_Prompt_. Extract each line from the entries below that has the string "Square" in it.

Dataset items
= = =
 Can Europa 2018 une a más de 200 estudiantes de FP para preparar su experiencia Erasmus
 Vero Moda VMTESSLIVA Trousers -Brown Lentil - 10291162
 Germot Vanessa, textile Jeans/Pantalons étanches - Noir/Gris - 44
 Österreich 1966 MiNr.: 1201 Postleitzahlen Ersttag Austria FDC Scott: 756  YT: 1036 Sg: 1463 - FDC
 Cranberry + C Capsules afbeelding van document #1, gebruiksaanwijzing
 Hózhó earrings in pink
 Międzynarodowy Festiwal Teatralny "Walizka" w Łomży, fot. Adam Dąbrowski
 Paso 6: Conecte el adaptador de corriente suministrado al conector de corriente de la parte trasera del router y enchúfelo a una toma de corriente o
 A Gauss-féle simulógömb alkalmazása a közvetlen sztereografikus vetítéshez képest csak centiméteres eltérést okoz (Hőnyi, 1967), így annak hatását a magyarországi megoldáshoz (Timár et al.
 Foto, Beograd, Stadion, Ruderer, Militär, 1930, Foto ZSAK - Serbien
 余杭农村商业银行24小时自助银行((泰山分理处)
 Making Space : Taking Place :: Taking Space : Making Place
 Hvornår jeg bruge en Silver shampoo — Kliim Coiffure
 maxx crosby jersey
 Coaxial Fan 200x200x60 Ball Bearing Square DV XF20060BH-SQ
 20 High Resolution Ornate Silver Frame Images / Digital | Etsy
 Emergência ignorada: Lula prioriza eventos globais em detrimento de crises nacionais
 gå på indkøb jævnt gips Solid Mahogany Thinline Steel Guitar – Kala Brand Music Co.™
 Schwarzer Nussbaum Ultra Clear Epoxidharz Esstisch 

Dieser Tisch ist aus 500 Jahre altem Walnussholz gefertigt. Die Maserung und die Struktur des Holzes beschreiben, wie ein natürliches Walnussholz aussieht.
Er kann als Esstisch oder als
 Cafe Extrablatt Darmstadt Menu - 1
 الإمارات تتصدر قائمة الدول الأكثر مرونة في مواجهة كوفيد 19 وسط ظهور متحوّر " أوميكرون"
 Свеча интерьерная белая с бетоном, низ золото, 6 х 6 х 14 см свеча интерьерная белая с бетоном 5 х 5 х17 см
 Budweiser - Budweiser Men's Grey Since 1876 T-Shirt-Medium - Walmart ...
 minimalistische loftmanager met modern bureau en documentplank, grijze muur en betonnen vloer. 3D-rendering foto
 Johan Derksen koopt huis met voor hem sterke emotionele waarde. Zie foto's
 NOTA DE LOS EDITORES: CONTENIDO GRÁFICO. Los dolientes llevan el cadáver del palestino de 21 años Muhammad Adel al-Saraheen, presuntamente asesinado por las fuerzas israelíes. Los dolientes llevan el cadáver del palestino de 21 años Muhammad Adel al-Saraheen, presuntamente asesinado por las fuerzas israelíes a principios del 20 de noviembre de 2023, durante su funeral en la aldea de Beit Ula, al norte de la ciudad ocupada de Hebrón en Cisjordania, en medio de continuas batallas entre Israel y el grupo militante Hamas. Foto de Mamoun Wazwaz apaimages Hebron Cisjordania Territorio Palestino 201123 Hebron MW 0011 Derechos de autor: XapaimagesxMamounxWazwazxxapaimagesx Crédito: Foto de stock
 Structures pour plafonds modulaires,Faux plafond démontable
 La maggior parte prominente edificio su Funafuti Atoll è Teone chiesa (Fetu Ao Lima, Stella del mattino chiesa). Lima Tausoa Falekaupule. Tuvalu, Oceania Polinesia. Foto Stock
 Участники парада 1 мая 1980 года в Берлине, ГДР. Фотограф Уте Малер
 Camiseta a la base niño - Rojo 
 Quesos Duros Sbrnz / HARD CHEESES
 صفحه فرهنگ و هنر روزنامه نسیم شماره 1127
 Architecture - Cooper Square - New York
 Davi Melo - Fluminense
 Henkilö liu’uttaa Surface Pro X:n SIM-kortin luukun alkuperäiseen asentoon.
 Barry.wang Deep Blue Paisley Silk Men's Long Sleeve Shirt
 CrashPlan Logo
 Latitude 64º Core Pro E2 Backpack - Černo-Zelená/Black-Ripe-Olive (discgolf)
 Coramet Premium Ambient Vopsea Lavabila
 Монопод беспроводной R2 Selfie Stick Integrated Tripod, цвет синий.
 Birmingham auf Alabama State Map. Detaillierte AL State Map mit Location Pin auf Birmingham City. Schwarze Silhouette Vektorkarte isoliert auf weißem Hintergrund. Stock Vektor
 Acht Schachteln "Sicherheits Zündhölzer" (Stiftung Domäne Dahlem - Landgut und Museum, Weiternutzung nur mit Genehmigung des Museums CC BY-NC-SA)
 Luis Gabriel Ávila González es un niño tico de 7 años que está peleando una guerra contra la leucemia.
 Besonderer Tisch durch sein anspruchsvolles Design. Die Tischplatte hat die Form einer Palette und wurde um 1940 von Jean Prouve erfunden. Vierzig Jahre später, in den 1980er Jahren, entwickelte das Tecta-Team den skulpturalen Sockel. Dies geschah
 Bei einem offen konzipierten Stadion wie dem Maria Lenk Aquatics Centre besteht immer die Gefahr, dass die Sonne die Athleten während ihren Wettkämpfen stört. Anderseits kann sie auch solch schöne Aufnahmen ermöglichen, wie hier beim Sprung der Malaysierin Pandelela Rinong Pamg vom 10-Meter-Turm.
= = =
_Task answer_.
 Coaxial Fan 200x200x60 Ball Bearing Square DV XF20060BH-SQ
 Architecture - Cooper Square - New York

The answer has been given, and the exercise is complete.